As reported by Bloomberg, British lawmakers made the massive document of internal Facebook emails publicly available on December 5. The full document includes hundreds of pages of emails and data. A summary includes six main “key issues” from the documents.
- White Lists – Facebook have clearly entered into whitelisting agreements with certain companies, which meant that after the platform changes in 2014/15 they maintained full access to friends data. It is not clear that there was any user consent for this, nor how Facebook decided which companies should be whitelisted or not.
- Value of friends data – It is clear that increasing revenues from major app developers was one of the key drivers behind the Platform 3.0 changes at Facebook. The idea of linking access to friends data to the financial value of the developers relationship with Facebook is a recurring feature of the documents.
- Reciprocity – Data reciprocity between Facebook and app developers was a central feature in the discussions about the launch of Platform 3.0.
- Android – Facebook knew that the changes to its policies on the Android mobile phone system, which enabled the Facebook app to collect a record of calls and texts sent by the user would be controversial. To mitigate any bad PR, Facebook planned to make it as hard of possible for users to know that this was one of th e underlying features of the upgrade of their app.
- Onavo – Facebook used Onavo to conduct global surveys of the usage of mobile apps by customers, and apparently without their knowledge. They used this data to assess not just how many people had download ed apps, but how often they used them. This knowledge helped them to decide which companies to acquire, and which to treat as a threat.
- Targeting competitor Apps – The files show evidence of Facebook taking aggressive positions against apps, with the consequence that denying them access to data led to the failure of that business.
Onavo was an interesting effort from Facebook. It posed as a free VPN service/app labeled as Facebook’s “Protect” feature, but was more or less spyware designed to collect data from users that Facebook could leverage. Apple pulled the app six months after it landed on the App Store.
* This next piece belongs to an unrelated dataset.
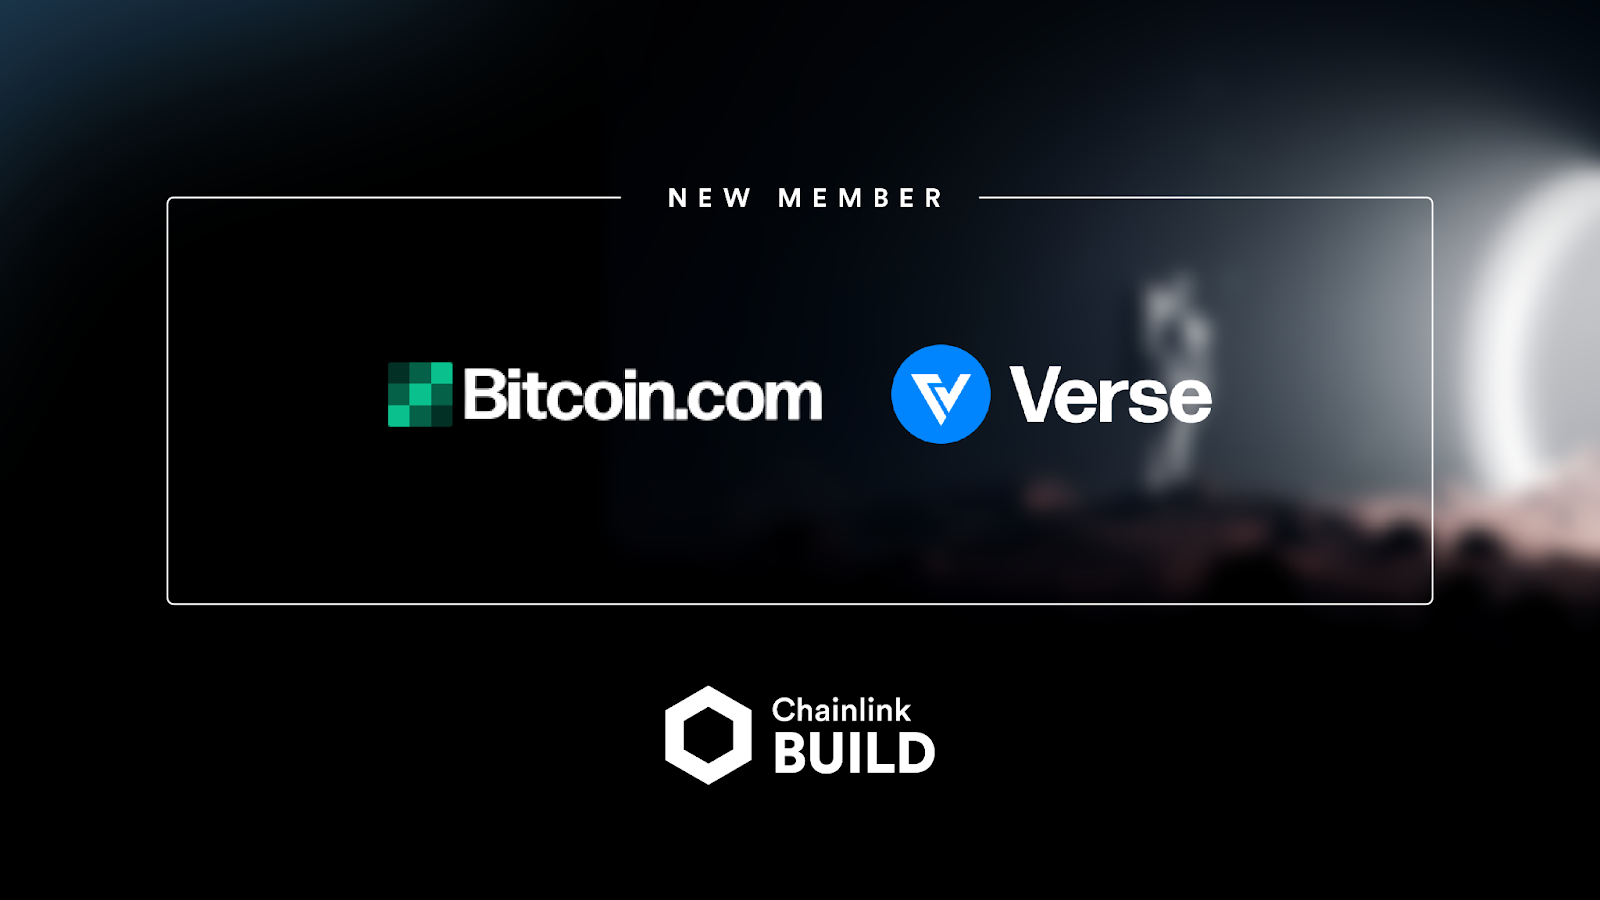 Bitcoin․com Joins Chainlink BUILD to Boost Adoption of VERSE Ecosystem dApps – Press release Bitcoin News

Facebook’s emails describe how it used data from Onavo to target competitor apps:
Facebook used Onavo to conduct global surveys of the usage of mobile apps by customers, and apparently without their knowledge. They used this data to assess not just how many people had downloaded apps, but how often they used them. This knowledge helped them to decide which companies to acquire, and which to treat as a threat.
The emails also reveal more about how Facebook purposely obscured the fact that calls and texts would be recorded on Android devices.
Facebook knew that the changes to its policies on the Android mobile phone system, which enabled the Facebook app to collect a record of calls and texts sent by the user would be controversial. To mitigate any bad PR, Facebook planned to make it as hard of possible for users to know that this was one of the underlying features of the upgrade of their app.
Other tactics included whitelisting certain companies to allow access to the data of users and users’ friends. The UK parliament isn’t sure if Facebook received consent to do this.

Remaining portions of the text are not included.